Из простого продавца Лидия вскоре стала кассиром, а через год была уже начальником отдела. Возвращалась все позже, потом и вовсе добилась перевода в головной офис в нескольких сотнях километров от нас. Иногда она мне писала, но я не знала, что отвечать. Да, в школе все нормально. Разумеется, мы все еще дружим с Патрицией. Я научилась делать сальто в воде, но по-прежнему мерзну в бассейне. Поначалу она присылала открытки с видами города, но те, должны быть, закончились. В альбоме для рисования я закрашивала солнце черным, как мое настроение, карандашом, и учительница даже звонила домой узнать, не умер ли кто. Оценки у меня в дневнике теперь были только отличные: старательно выполняя домашние задания, я занимала освободившееся после отъезда Лидии время.

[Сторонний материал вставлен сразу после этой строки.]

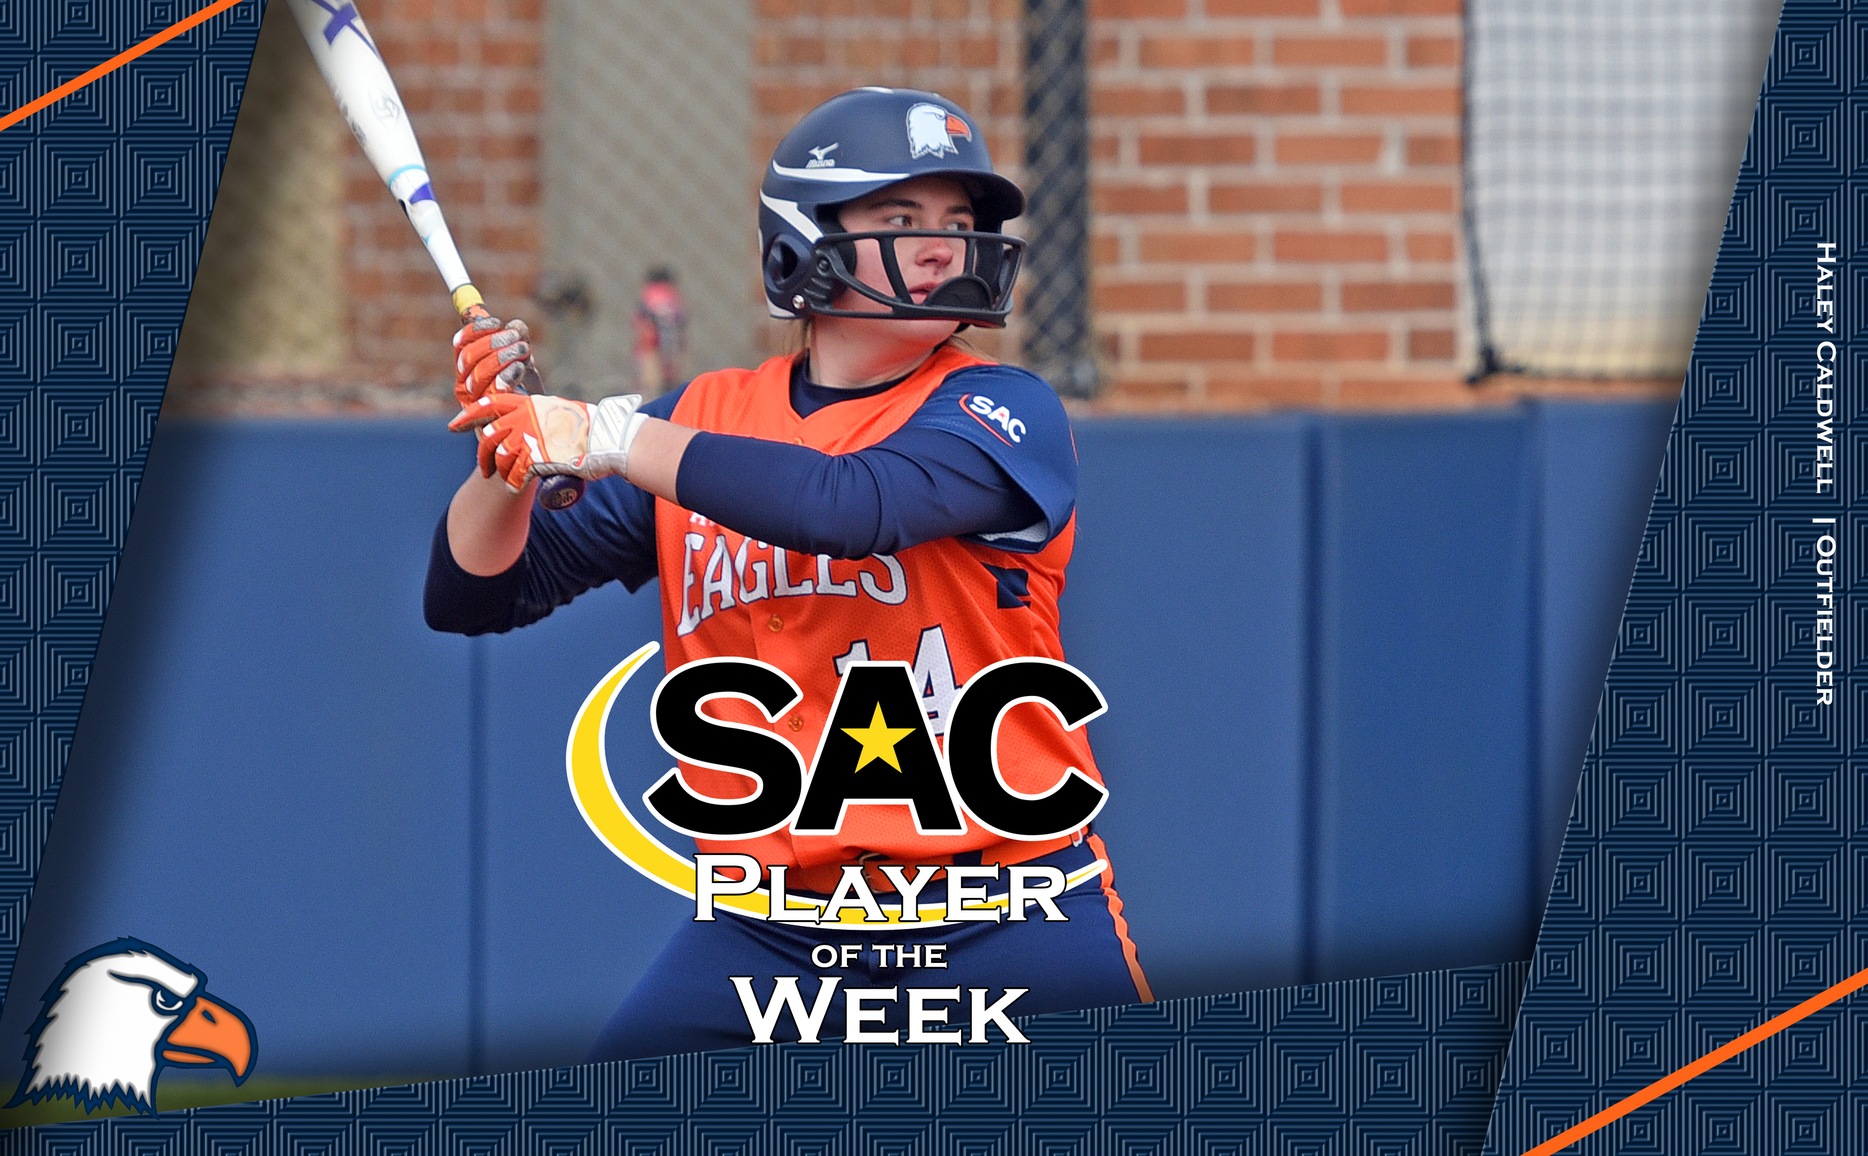 Caldwell nets AstroTurf SAC Player of the Week accolade

Она вернулась в августе, на праздники, но радоваться этому я боялась. Мы часто ходили на общественный пляж и совершенно сгорели, несмотря на кремы, которые она покупала со скидкой для сотрудников. С приветливыми соседями-купальщиками она говорила с фальшивым северным акцентом, как эмигрантка, – на ее месте мне было бы стыдно, и это потихоньку убило всю мою ностальгию.
Пока меня не решили вернуть, мы виделись еще один раз. В дверь позвонили, я открыла. На пороге стояла незнакомка с крашеными, тщательно выпрямленными волосами, а к ее ногам жалась маленькая девочка, и это была не я.
Лежа в темноте рядом с Адрианой, я думала, что Лидия могла бы меня спасти, даже, может быть, забрать ненадолго к себе, на Север. Но она снова переехала, и я потеряла ее след. Да и рановато было воображать себе нового спасителя.
12
Они выключили свет и прыгнули по кроватям. Когда я вошла в комнату, Серджо знаком приказал брату заткнуться, но приглушенный подушкой смех слышался еще пару минут. Винченцо не было с обеда, а Адриана в гостиной укачивала малыша. Я разделась, в гнетущей тишине скользнула под простыню и вдруг нащупала ногой что-то теплое, мохнатое, а главное – живое, движущееся и трепещущее. Мой вопль и два взрыва издевательского смеха раздались одновременно с несколькими болезненным уколами в лодыжку. Не знаю, как я добралась до выключателя, помню только, что обернулась взглянуть на кровать – а там копошится голубь: наворачивает круги, изо всех сил стараясь расправить крыло, как будто одного ему хватит, чтобы взлететь, а другое-то сломано у самого основания. Голубиный помет усеял чистые простыни. В конце концов он добрался до края матраса и грохнулся на пол.